How Mobile Network Operators Must Evolve as Data Ramps Up

4 Comments

It wasn’t too long ago that the path to success for mobile carriers was a straight one: Simply offer compelling handsets at competitive prices and maintain a top-notch network and your customers would be happy. And for those that weren’t, manage a competent customer-care division. That model is rapidly changing, though, as we reach the point of market saturation.

Carriers in Western markets have precious little room for growth unless they poach customers from their competitors. Cell phone penetration in the U.S. stands at 89 percent, according to CTIA, and Chetan Sharma pointed out earlier this month that mobile’s market penetration in America is 99 percent for people over than the age of five. The increase of machine-to-machine connections and the coming wave of connected consumer electronics (non-phones) will help, but carriers will have to evolve beyond being simple network operators if they’re to thrive in the coming world of mobile data.

Another factor beyond market saturation is at play here, too. Mobile is no longer just about being a provider of wireless phones and connectivity; it’s about adding value with applications that leverage Web 2.0 features like presence and community and combining them with mobile’s unique characteristics, such as portability and location awareness.
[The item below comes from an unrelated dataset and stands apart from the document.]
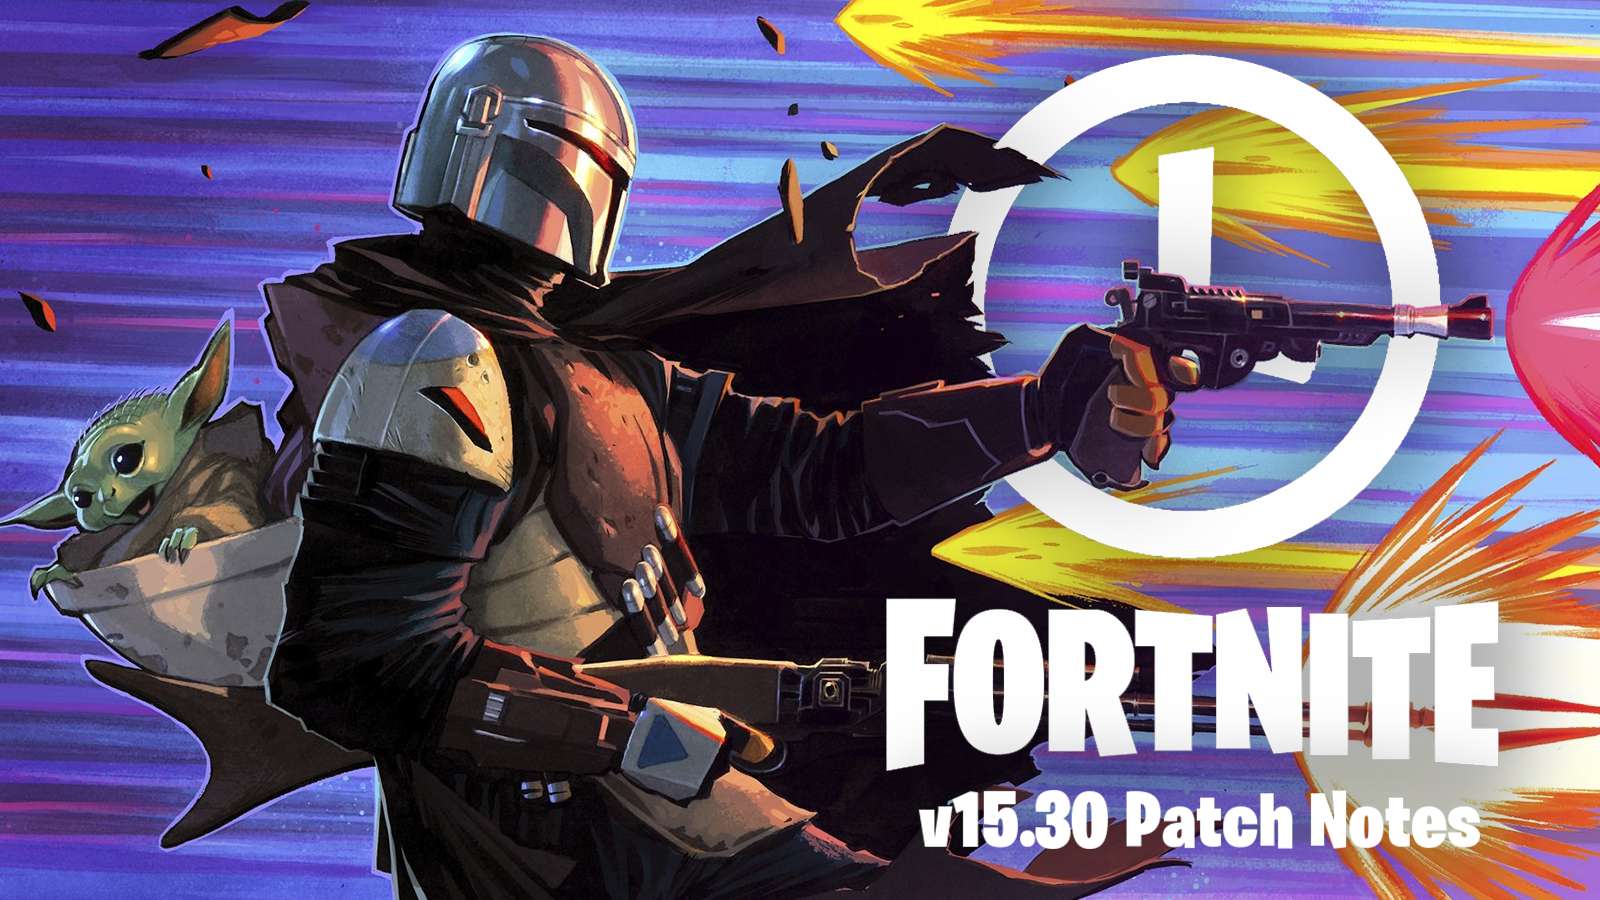 The Mandalorian shoots past Fortnite patch 15.30 update with Baby Yoda on his back.

While the rise of mobile Web 2.0 is a looming threat for network operators, it also presents an opportunity to develop and market more compelling “over-the-top” offerings — applications and services from carriers that can be targeted at users on other networks. In my weekly column over at GigaOM Pro, I’ve taken a closer look at this topic, with a special focus on AT&T’s Buzz.com offering. I’m sure we’ll see more examples as carriers attempt to make a very difficult transition beyond their established business model into uncharted waters. What kind of opportunities do you see?

Image courtesy of Flickr user kevindooley

4 Comments

Tim Mattison

“…it’s about adding value with applications that leverage Web 2.0 features like presence and community and combining them with mobile’s unique characteristics…”
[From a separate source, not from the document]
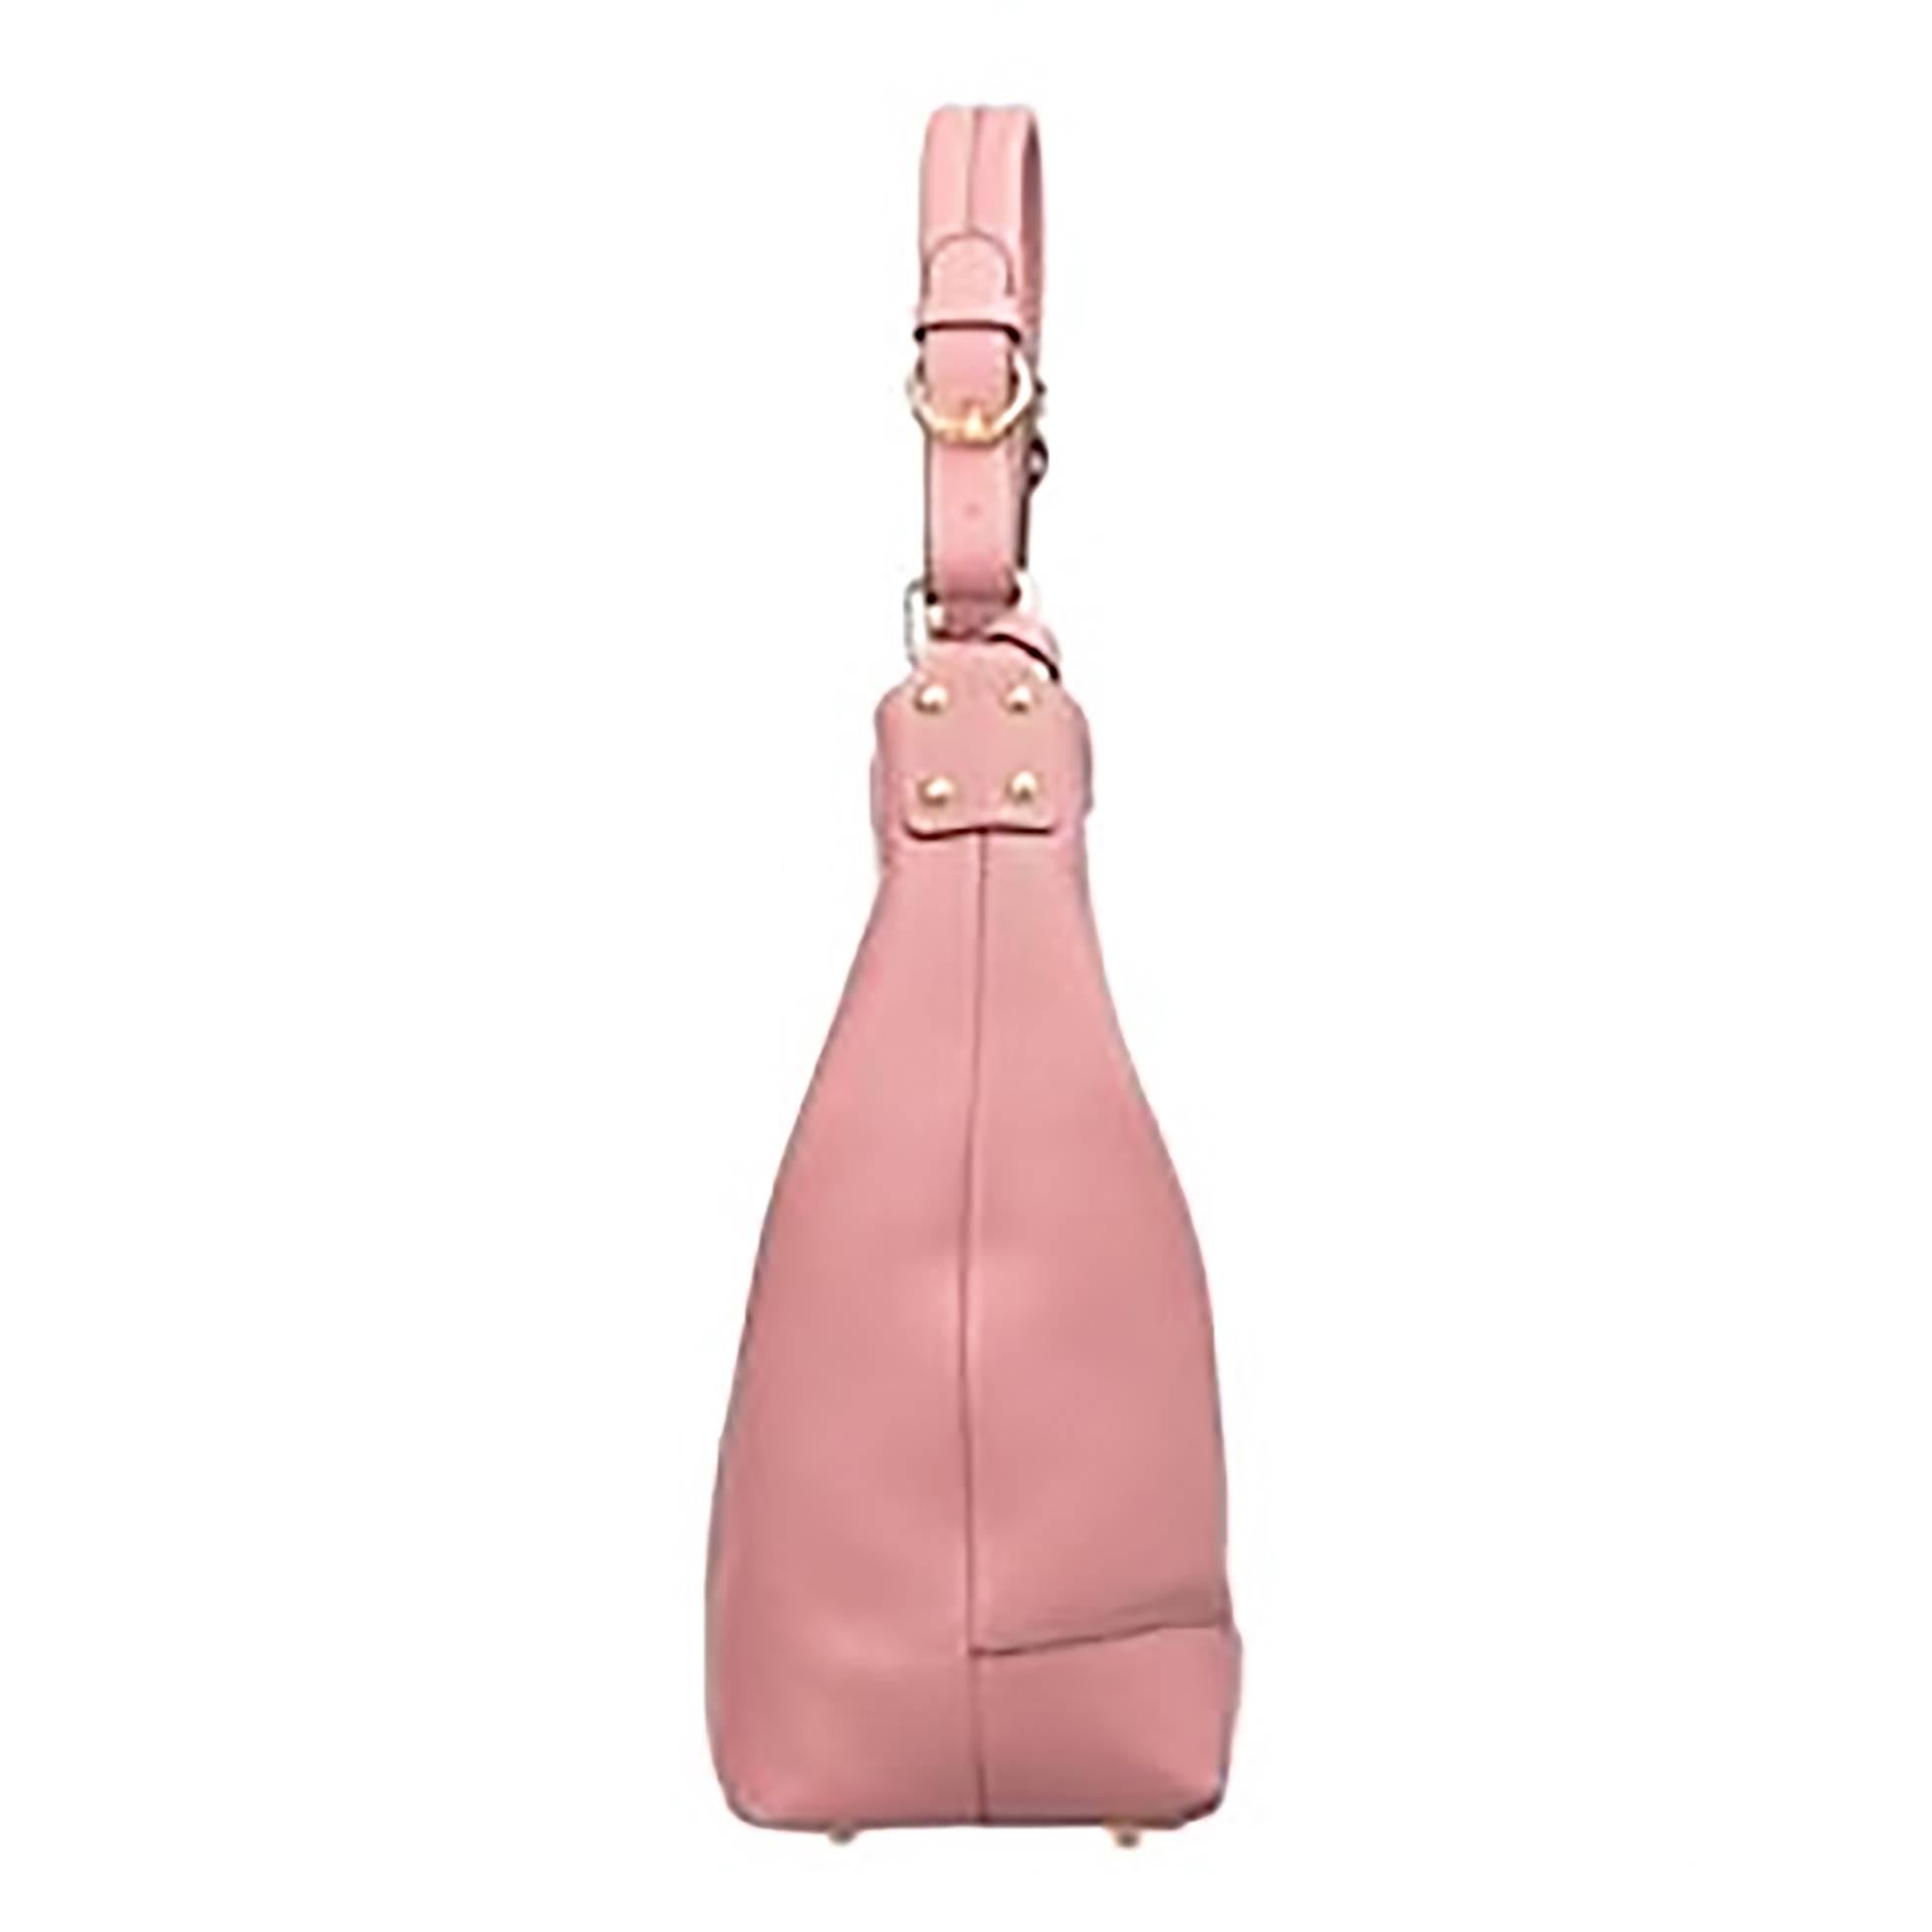 Pierre Cardin New rose pink leather hobo bag handbag In New Condition In Daylesford, Victoria

This is not what customers want. This is what carriers want. Providing reliable data will only cannibalize their current market by commoditization. The margins on data will get smaller and smaller so carriers can do one of several things:

1) Price fix to keep themselves as big and fat as they are now

2) Strip out their retail channel and the heavy sales and support team that comes with it to truly become a lean, network-only provider

3) Open their networks up to M2M so that device manufacturers can start pumping out millions of new devices that bring in recurring revenue with minimal support. Right now M2M is a big, expensive hassle and it’s holding up companies from just flooding the market with great devices.

I don’t want Verizon, Sprint, and AT&T trying to come up with the next Foursquare, Twitter, or Facebook. They had their chance when they locked us into their pitiful, closed “Get it now!” J2ME and BREW application stores. They blew it, made little money, and held up progress for at least a decade. Build a network, make it reliable, make it open, get rid of your retail stores and let other people sell the phones and support for you, and then I guarantee you that you’ll be making money hand over fist.

Oh, and please ignore suggestion #1 even though you’re doing it already.

A S

“Simply offer compelling handsets at competitive prices and maintain a top-notch network and your customers would be happy. And for those that weren’t, manage a competent customer-care division.”

IMO, this is the main (if not the ONLY) thing customers want even today. We really don’t want our cellular carriers trying to offer us anything more. Just give us a great, cheap data pipe, with plans and prices that make sense, and get out of our way. Amen.

slim

+1. carriers should stick to building networks. historically, their “media” creations have sucked and NEVER win in the market.